Фигура внезапно обернулась и, признаю, я действительно отшатнулся назад, оказавшись лицом к лицу — используя первый попавшийся штамп — с огромным, как медведь мужчиной с растрёпанными чёрными волосами, впечатляющими вислыми усами и лохматой бородой, превосходящим меня вдвое, с таким выражением на его лице — не обойдусь без простого выражения «совсем, совсем безумным» — как будто он с головой погрузился во что-то и определённо не обрадовался, когда ему помешали. Но это выражение тут же исчезло, как снятая маска и он совершенно спокойным тоном произнёс: — Разумеется, я заплачу. — Он сгрёб с полки ещё несколько томов. — Я возьму весь набор.
В сомнениях, я повёл его обратно к прилавку. По дороге я уловил около половины его трепотни о том, как слова силы, ключи вибрации или ещё какую чертовщину можно обнаружить беспорядочно рассеянными по книгам, словно вся литература была одной необъятной криптограммой, расшифровывающейся в «космические итоги» и я подумал, ну ладно, твёрдо решил, что он совсем чокнутый и можно лишь надеяться, что это — чокнутый с деньгами, каким тот и оказался. Он заплатил за книги измятыми замусоленными банкнотами по двадцать долларов, которые, как видно, комкались прямо в его карманах. Я не заметил никакого кошелька. Книги оказались сочинениями Еврипида и этот тип даже на секунду показал мне подчёркнутый отрывок, но это было в колонке греческого текста и я ничего не разобрал.
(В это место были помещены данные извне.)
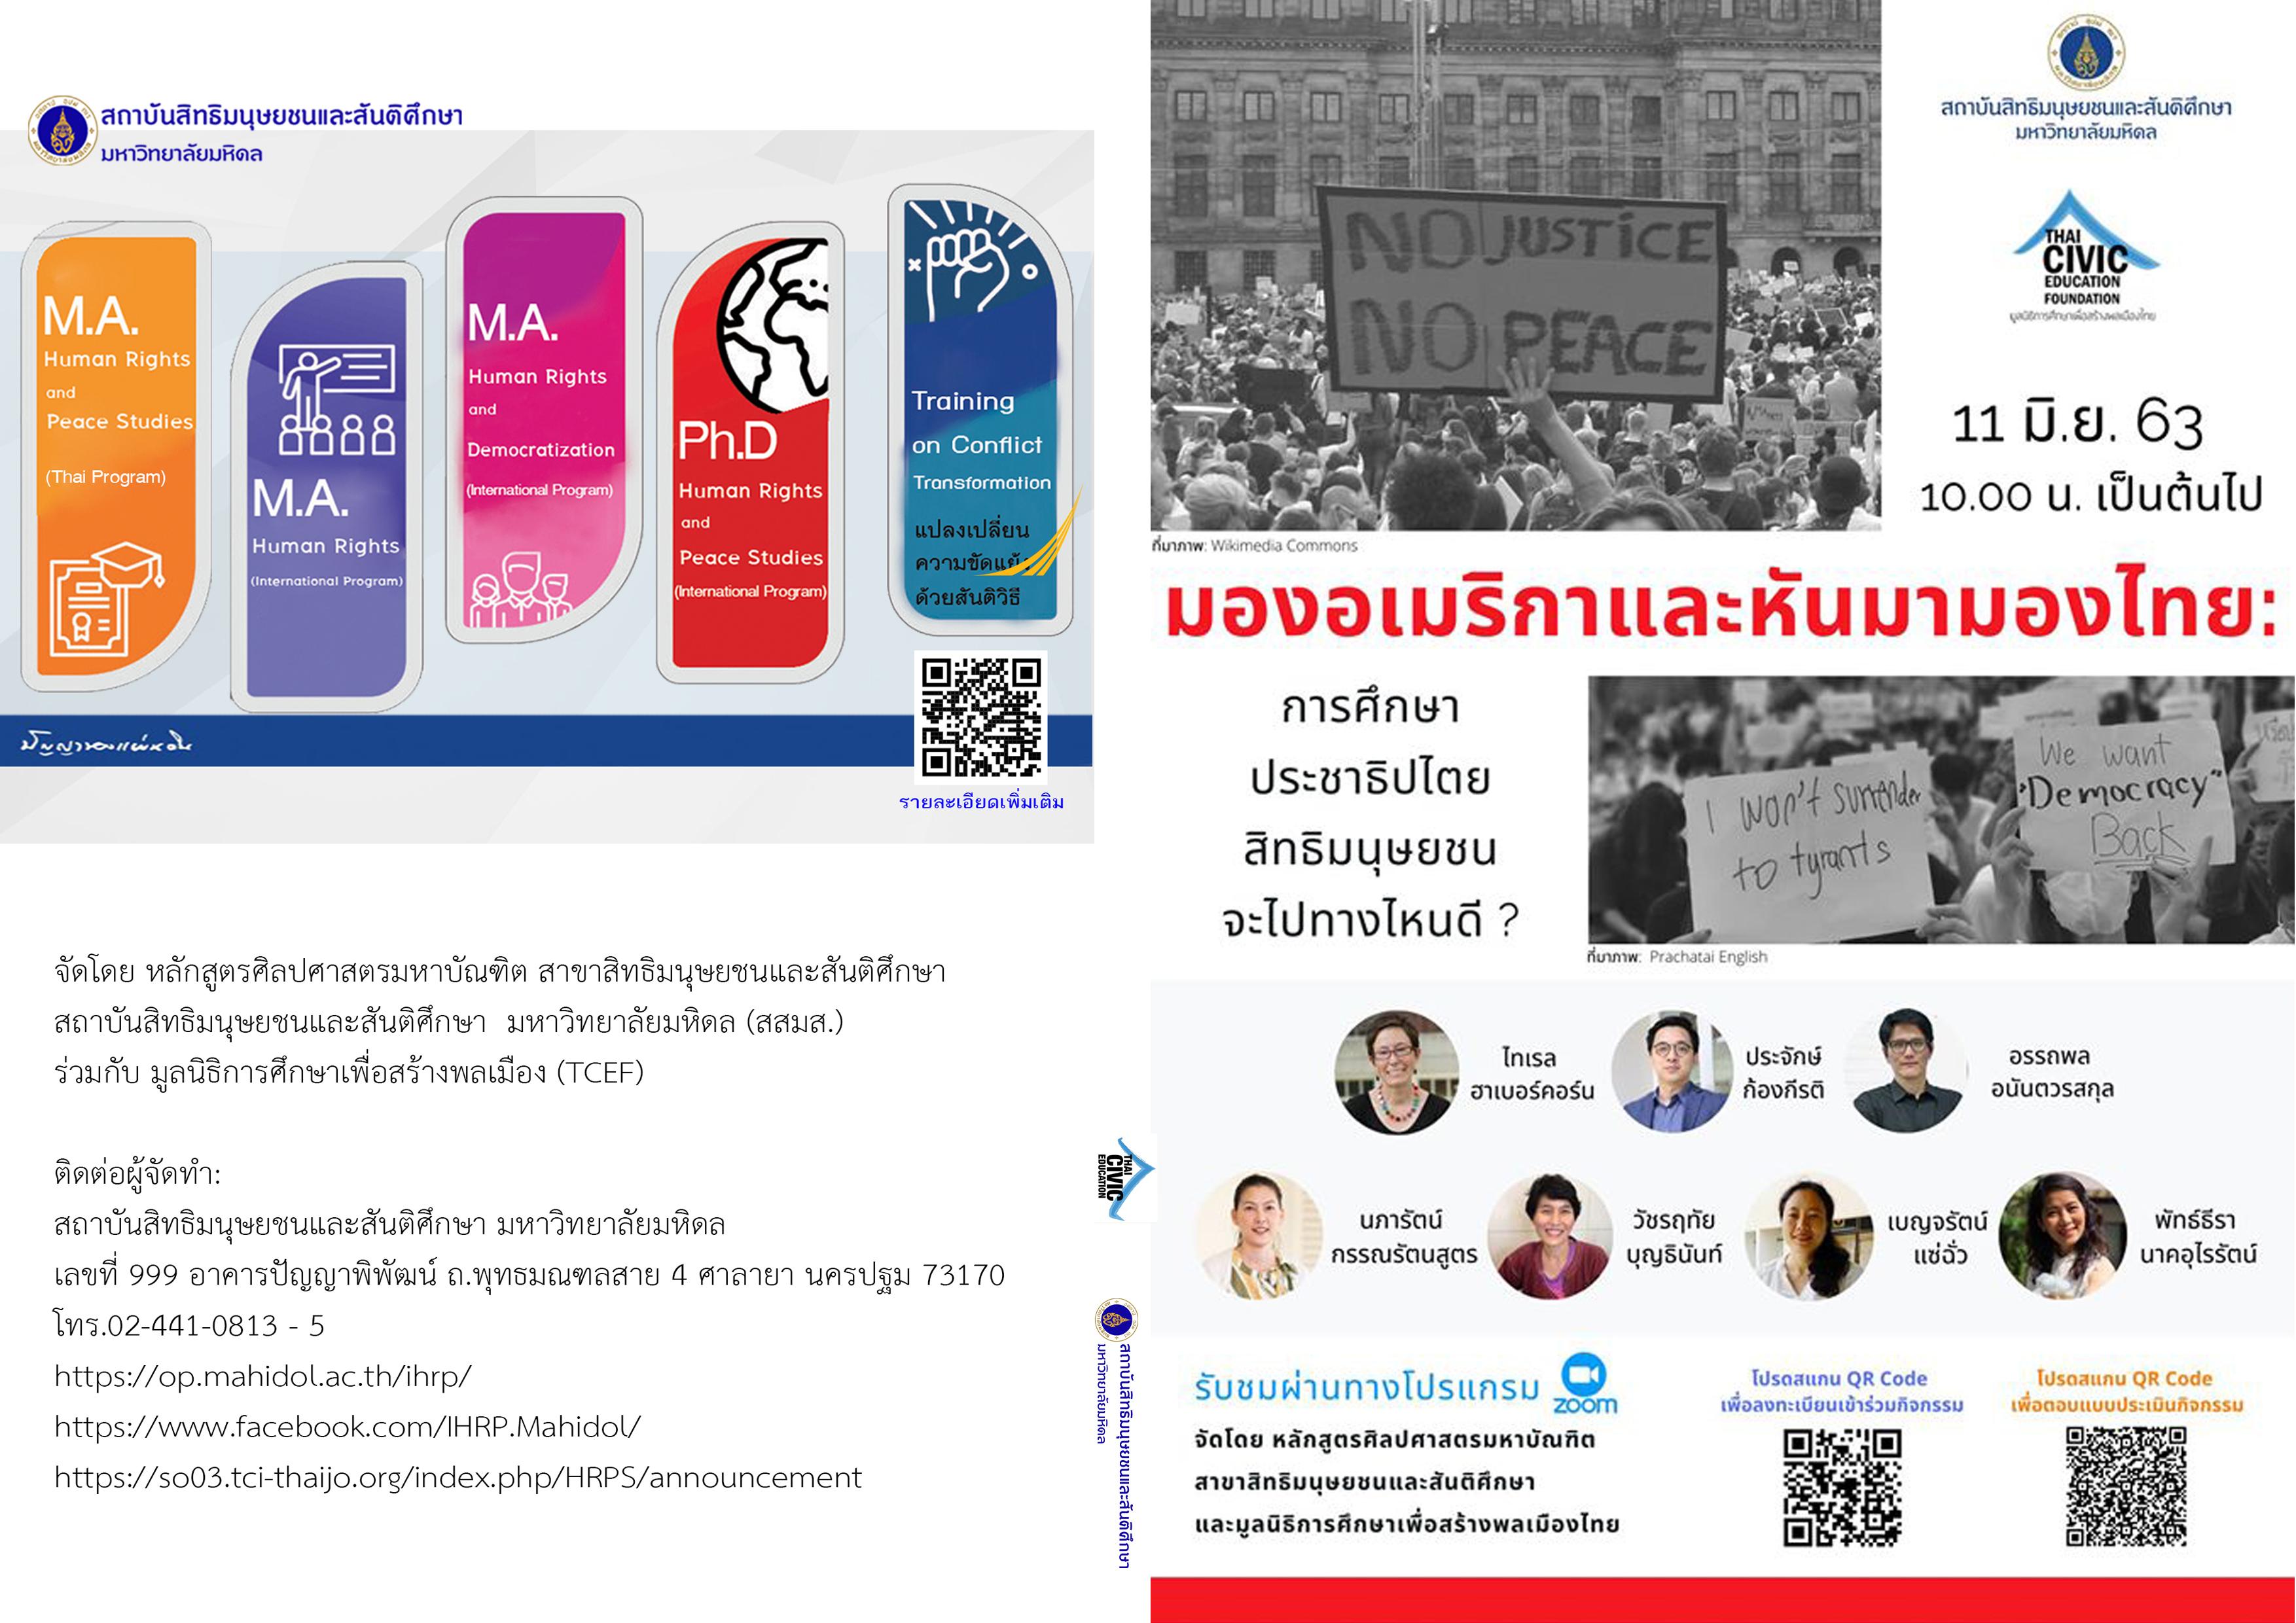 ปกหน้า-หลัง_มองอเมริกาหันมองไทย
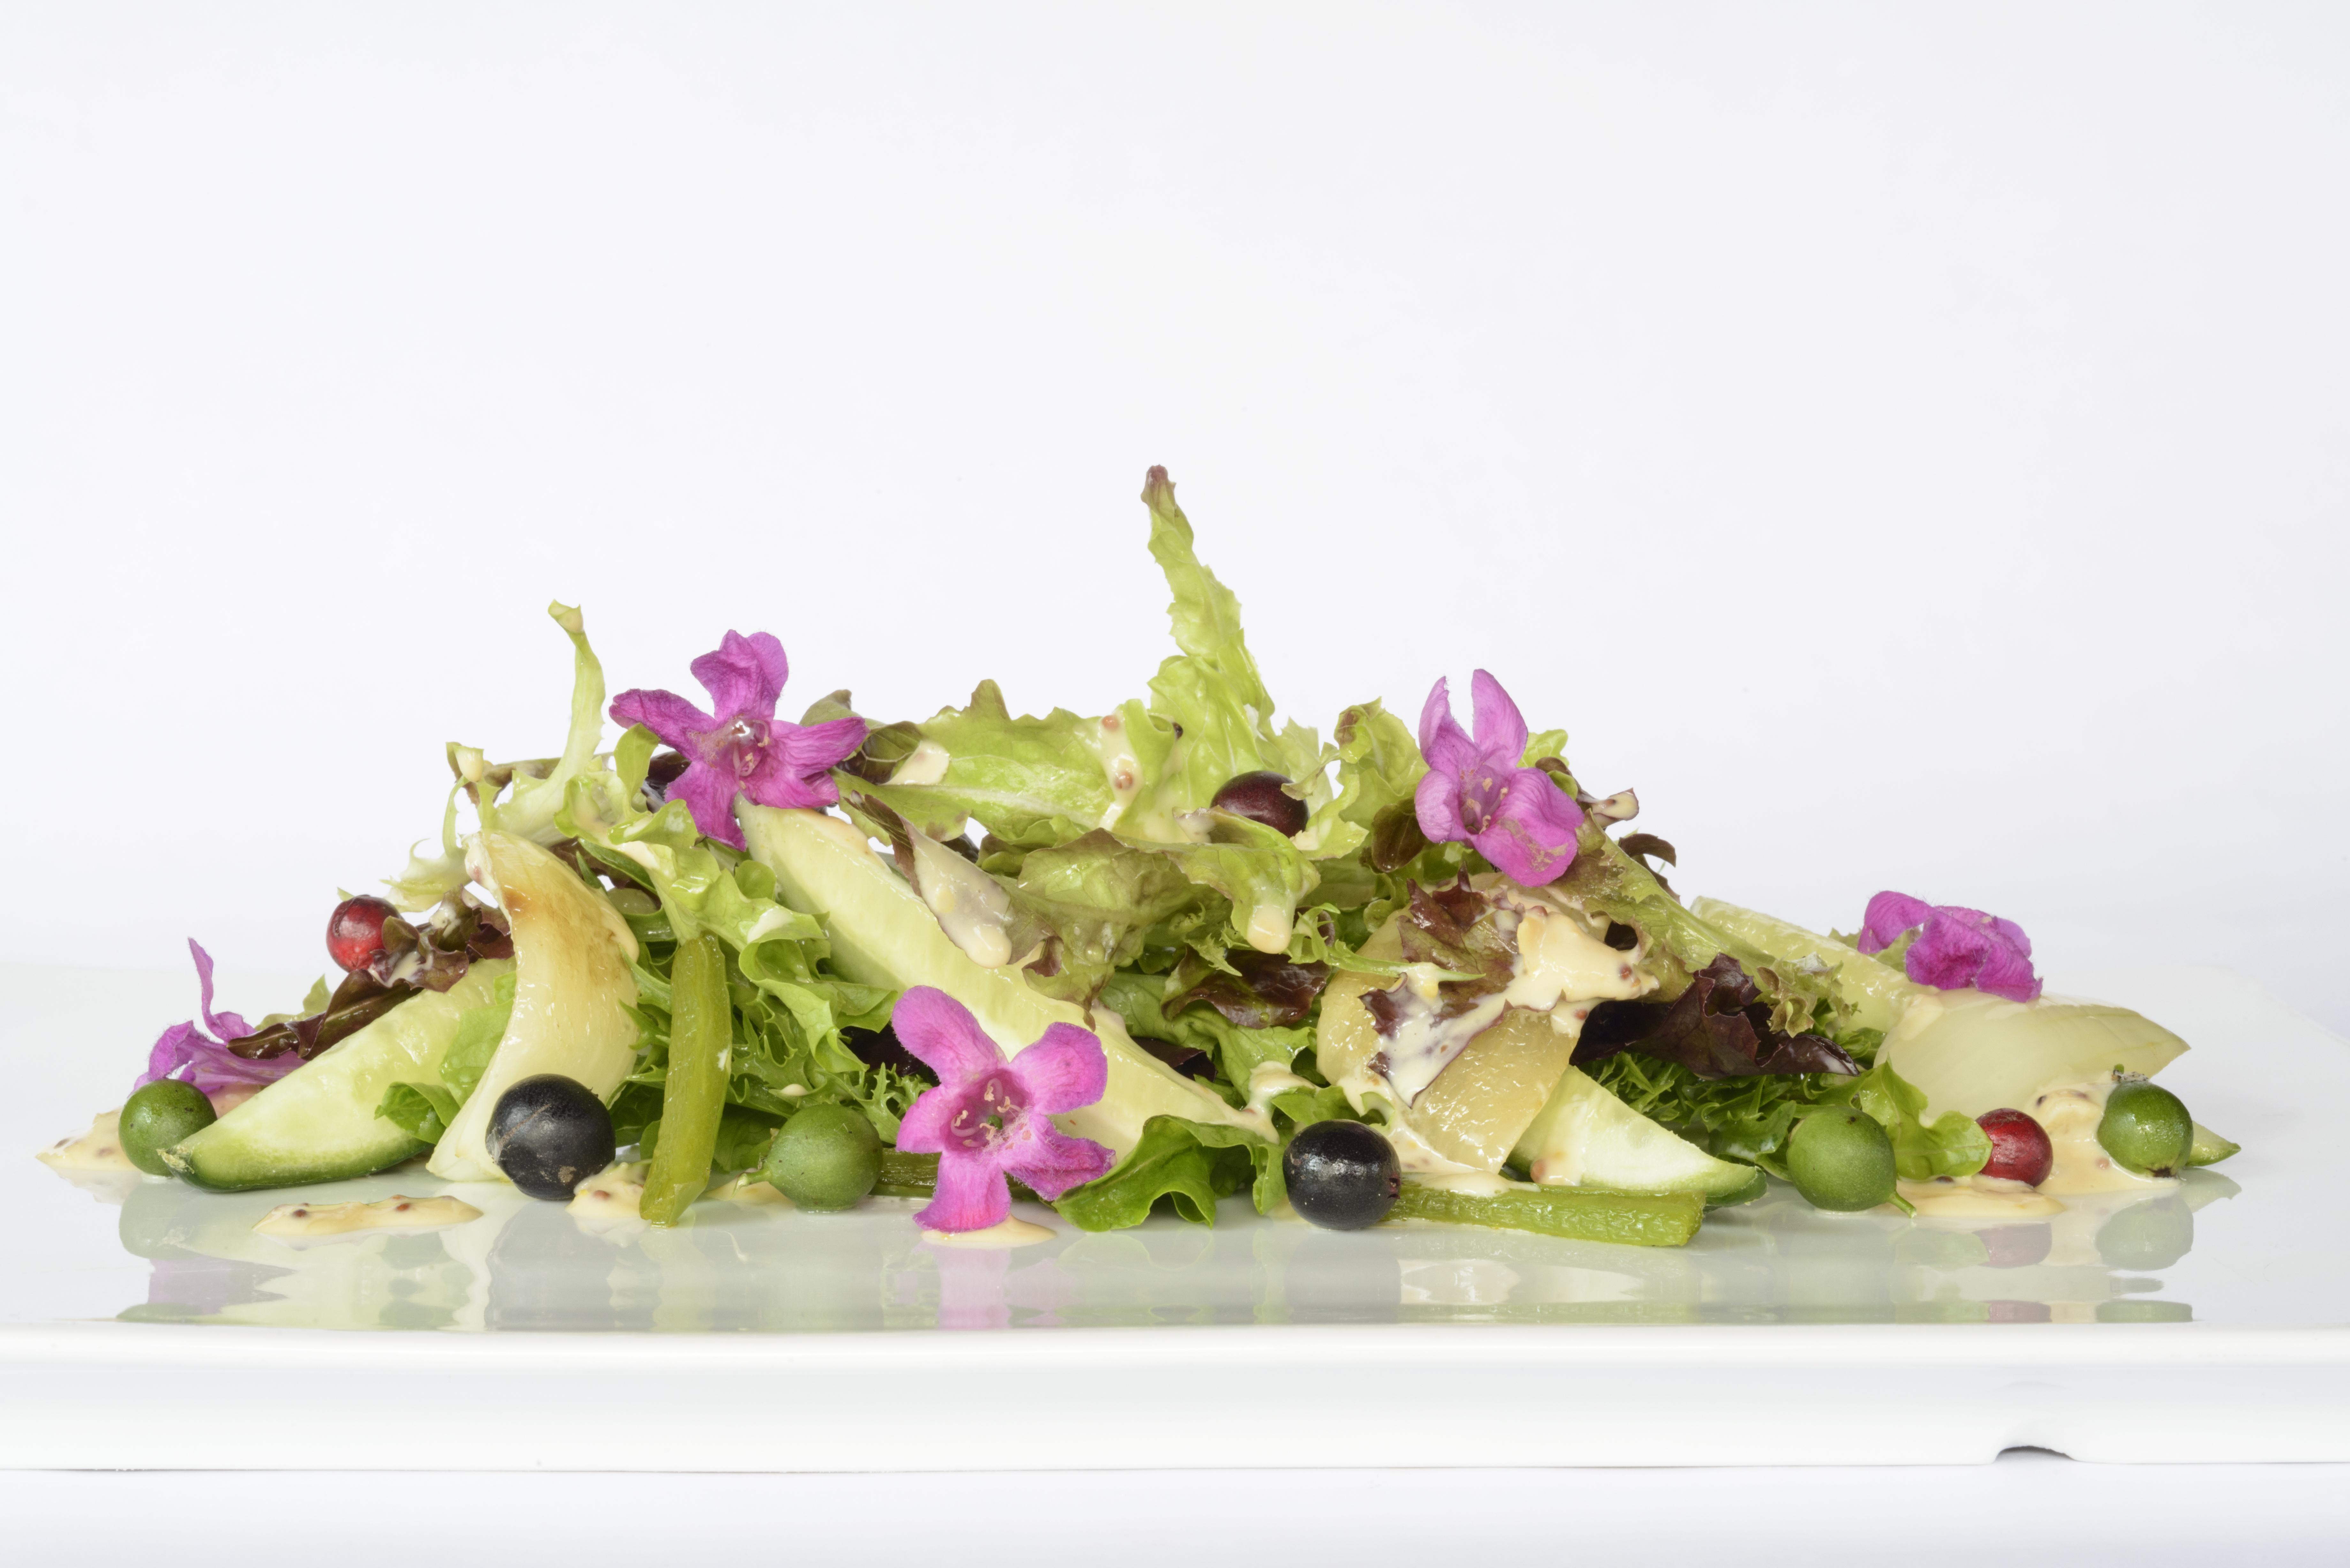 Ensalada de Frutas con Vinagreta de Yogurt y Mostaza

Пока я пробивал чек и разглаживал те банкноты, он ткнул пальцем в витрину и заявил: — О, и это я тоже возьму, — указывая на замечательное первое издание джексоновского «Призрака дома на холме»[6], которое стоило пять сотен долларов. Я не сомневался, что у него отыщется денег и побольше. Он продолжал вытаскивать банкноты, но всё же на миг я замешкался, с неохотой вручая столь изящное издание такому человеку, кто мог бы выводить в нём свои каракули, но он встретил мой взгляд, по-видимому, угадал мои мысли и, едва не рассмеявшись, пояснил: — О нет, это не для моих исследований. Просто почитать на досуге.
Потом вдруг воздвигся надо мной — это выглядело так, будто он всё время пригибался, словно готовая обрушиться лавина и произнёс: — Филип, мы с вами станем лучшими друзьями.
Я предположил, что моё имя он узнал, допустим, из маленькой стопки визиток на прилавке.
И он продолжил: — Не спрашивайте, откуда я узнал. Я просто знаю. Я окинул всё взором и увидел это. — Там было ещё одно слово, которое я не разобрал, почти непроизносимое, что-то, вроде «фхтагн».